# austin area



## cobaltbrew (Feb 17, 2010)

I am looking for individuals who would be willing to share information about field trips in the austin, texas area. I am in great need of hiking tips/buddies. I have a bike and a great thirst for learning and observing arachnids and other invertebrates in the wild. 

PM me with information please.

Thanks to anyone who helps.


----------



## Nomadinexile (Feb 22, 2010)

When you say you have a bike, what exactly do you mean.  :evil:  

I don't really have any have anything to show you here.  There's not a lot of places to collect until you get out of town.  I go out to the desert a lot though.  I'll be going on a bike trip out west in a week and a half.  I'll be out hunting for  maybe a week. Then, depending on how my legs etc do on the short bike trip, I am planning on heading to big bend area on the bike to find Diplocentrus whitei.  Then I'm either bussing down into c/s mexico, or heading west for Hadrurus.  Oh, and I want to get some D. diablo in there too.

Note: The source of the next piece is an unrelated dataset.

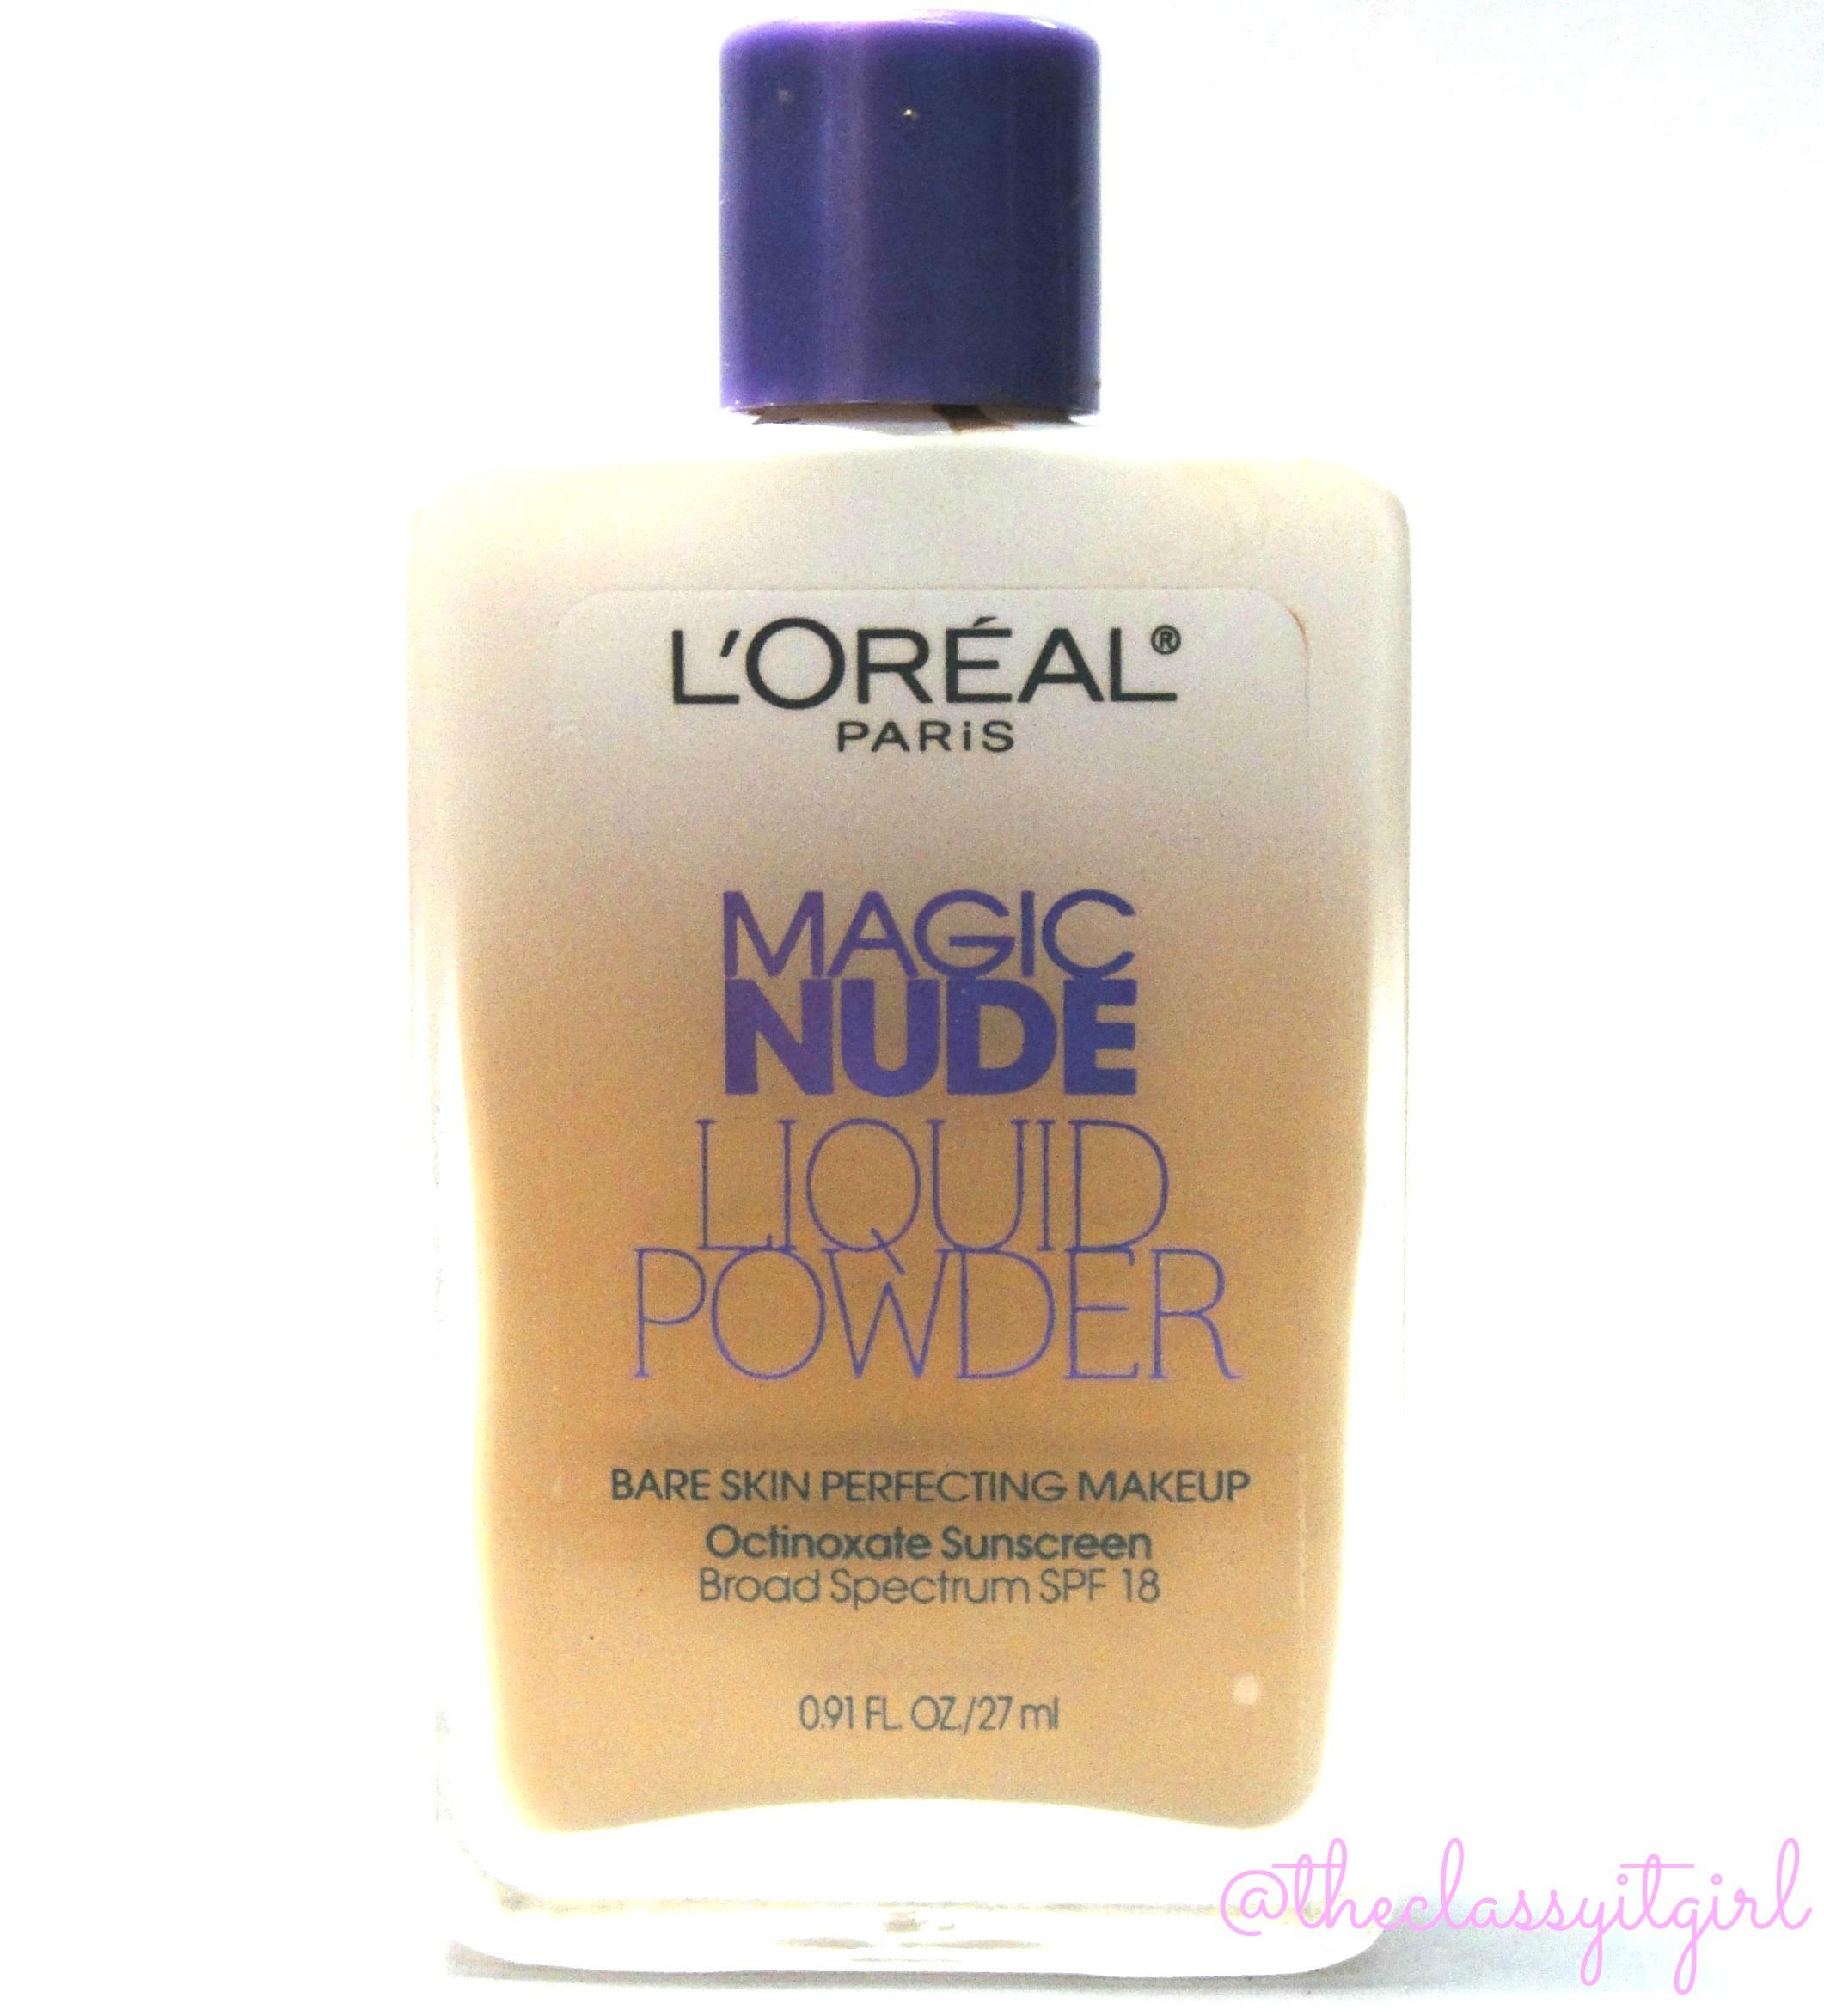 LOreal Magic Nude Liquid Powder Foundation Swatches

This next trip I am hoping to find C. vittatus "xeric", Diplocentrus lindo, Vaejovis waueri, Vaejovis intermedius, and Vaejovis coahuilae (one of the smaller scorpions in the world)    *I have found all of these in this area I'm going*

Anyway, so yeah... If you want to meet up for coffee or something, let me know.  I'd like to meet you before I start offering trips up, but I'm sure we can go somewhere sometime.  It's gonna be a busy scorpion year for me.

Oh, and right now, I have Psuedouroctonus reddelli, C. bicolor(*See C. bicolor at ZK for reference) and C. vittatus which are going to get sold.  And I have some Tityus stigmurus.   

If you decide to have a meeting or just want coffee, let me know.  ~r

**EDIT**  There is stuff to see in town, but not really places to collect.


----------